Висели здесь и другие рисунки, не только портреты всяких писак. Прямо над столом красовался портрет короткостриженного парня, сидевшего в инвалидной коляске. Иногда у меня спрашивают, кто это такой. Но у меня не находилось ответов, поэтому я отвечал, что это просто парень, а иногда я придумывал несколько забавных фактов о нем.

– Ну, – говорил я одной, сующей нос не в свои дела, медсестре, – это чемпион параолимпийских игр по плаванию.

– Да? А вы что, тоже увлекались плаваньем? – продолжала спрашивать она.

– В молодости и не такое бывало.

А Валентину я и вовсе говорил, что это мой отец.

– Твой отец?

– Да, – отвечал я, – мой отец.

Человек в инвалидной коляске не улыбался, но он ни в коем случае не был злым, скорее озадаченным. На его коленях разложились груды всяких листов. Некоторые – исписаны до краев, другие же – чистые, совершенно нетронутые. Я думаю, что он пишет рассказ, или повесть, хотя если судить по этой груде бумаг, это скорее всего роман. Наверное, так оно и было.

Я снова закурил. Из открытого окна подул прохладный ветерок, который тонко намекал, что скоро зима.

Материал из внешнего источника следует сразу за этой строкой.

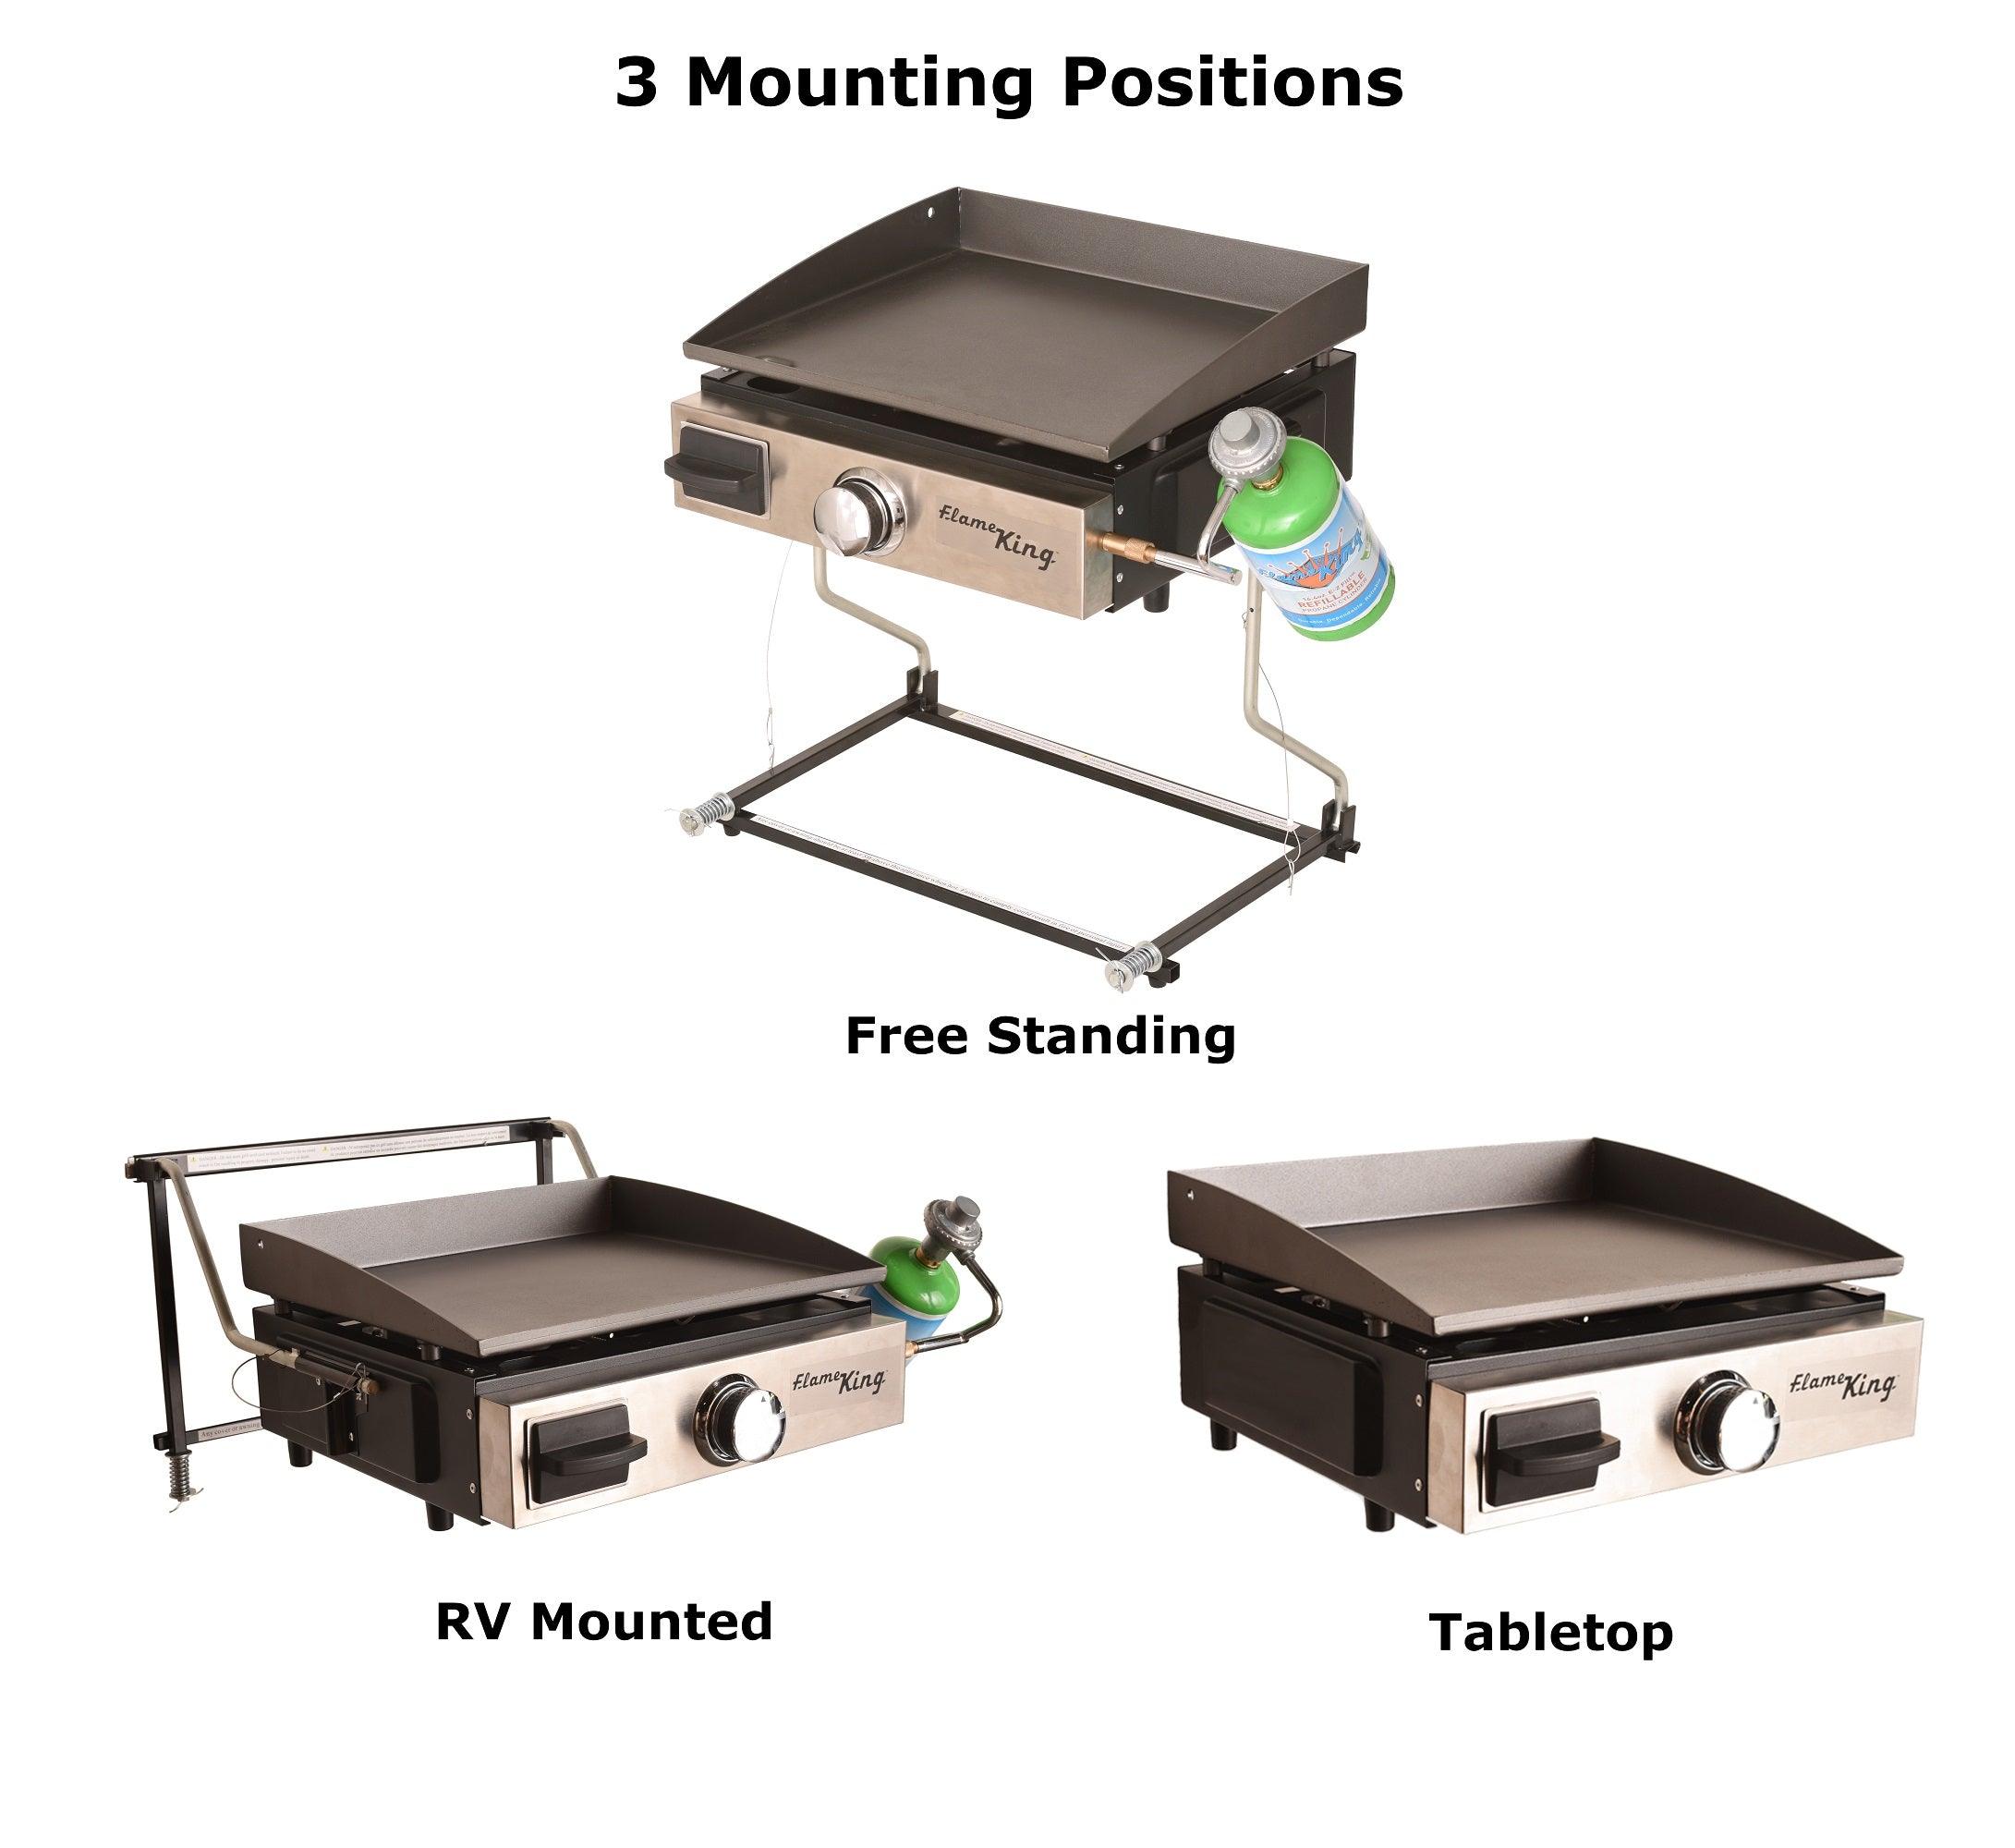 Flame King Portable Outdoor Propane Oven Stove Combo

Докурив, я достал чистые листы и принялся рисовать. С утра, вернее с ночи, рисуется хорошо. Ясно, почему многие художники, писатели или поэты любили творить ночью. Вот возьмите любое произведение искусства, будь то «Улисс» или «Великий мастурбатор», я уверен, что все это было сотворено ночью. Ночью, когда проклятое солнце не сжигало, не выпаливало из головы все отличные мысли и идеи.

Вот я и рисовал.

Сидел там и рисовал.


Глава ?

Чайка занимался плаваньем, ну знаете, бассейн, гейская шапочка, плавки, красные глаза и все такое прочее. Все это было не для того, чтобы чего-то там добиться, стать чемпионом, а скорее для того, чтобы он не шастал без дела после школы. Это было жестоко, как считал я. У меня было куча свободного времени, но я не дырявил пластмассовые бутылки после уроков и по вечерам, а сидел дома, или гулял недалеко со своими немногочисленными друзьями. А вот Чайка наоборот. Ему было шестнадцать, и мы с ним очень сильно отличались друг от друга.

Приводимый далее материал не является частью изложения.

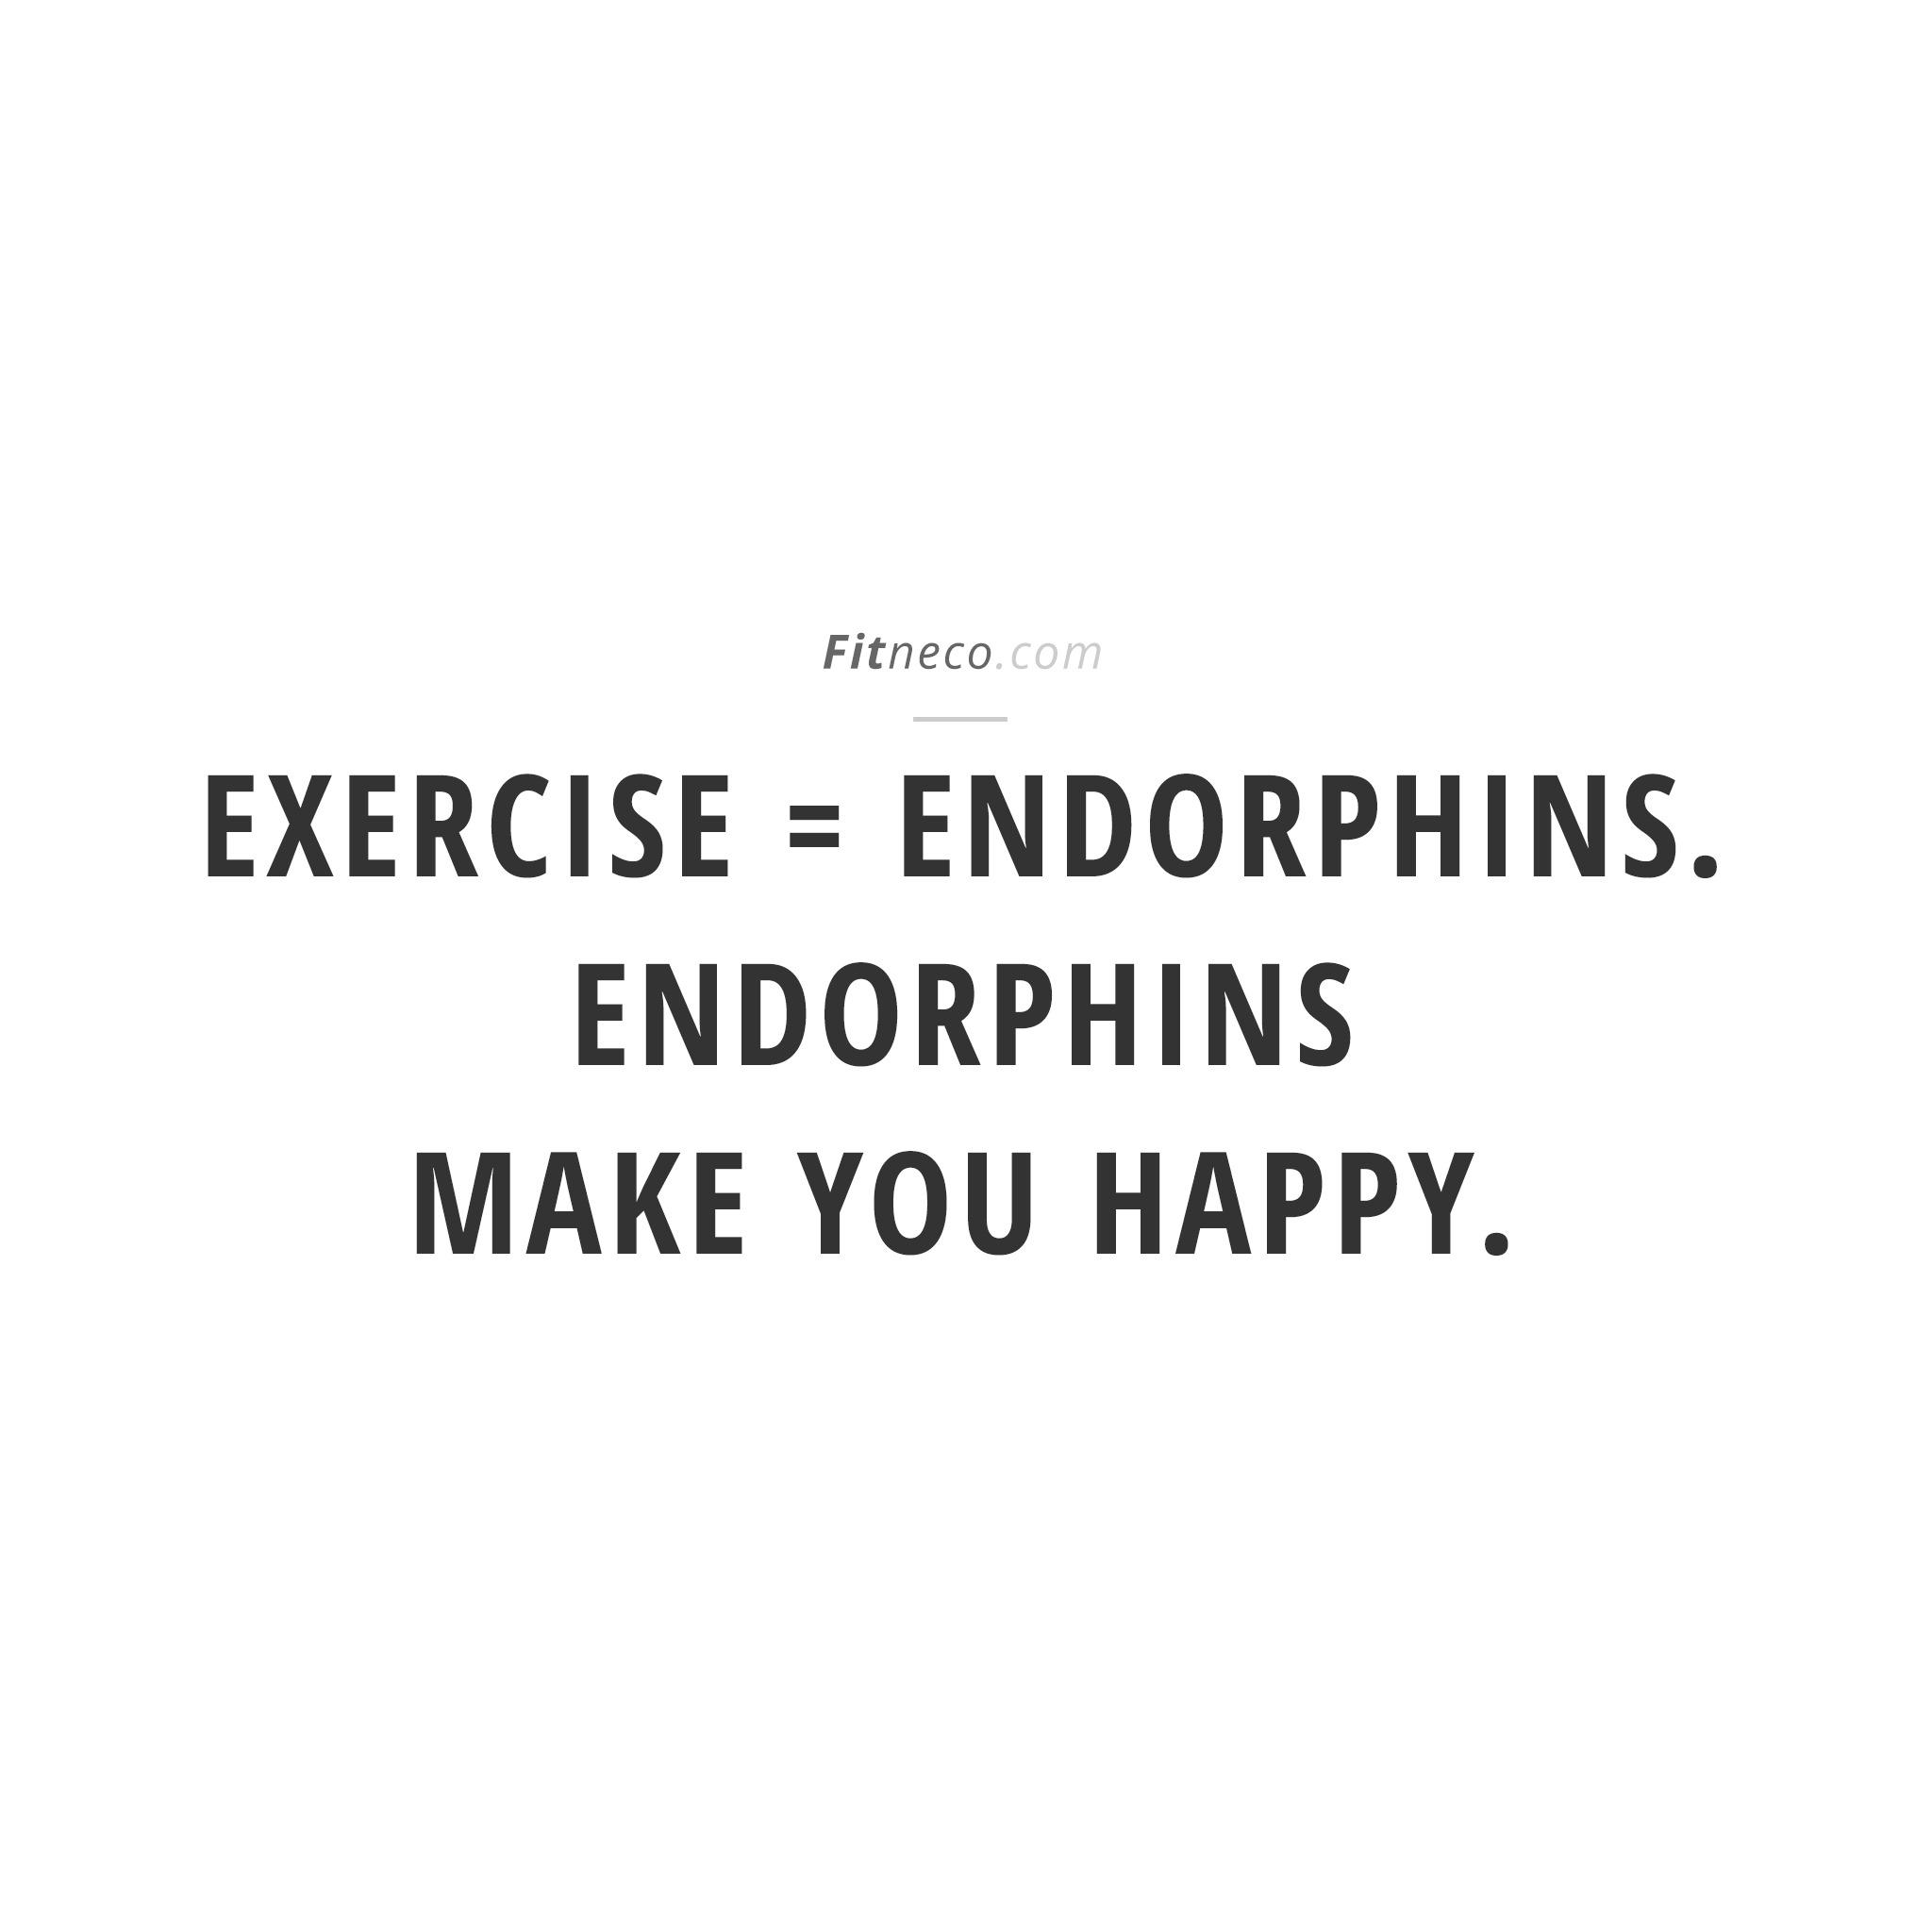 Fitneco On Twitter Exercise Equals Endorphins Endorphins Make You Happy Fitness Gym Motivation Quoteoftheday Quote Http T Co Eryiqzwoux

Я терпеть не мог алкоголь и никогда не понимал его сути, Чайка тоже, но он частенько приходил домой пьяным. Не таким, как мужики на вокзале, но все-таки. После того, как отец попал в больницу, он стал осторожнее, намного осторожнее.

Знаете что он сделал?

Каждый вечер он стал чистить зубы. И когда приходил домой ночью – первым делом шел и чистил зубы, сбивая запах пива или чего-то такого. Он не напивался до чертиков, а если и напивался, то приходил домой, когда уже мог нормально разговаривать.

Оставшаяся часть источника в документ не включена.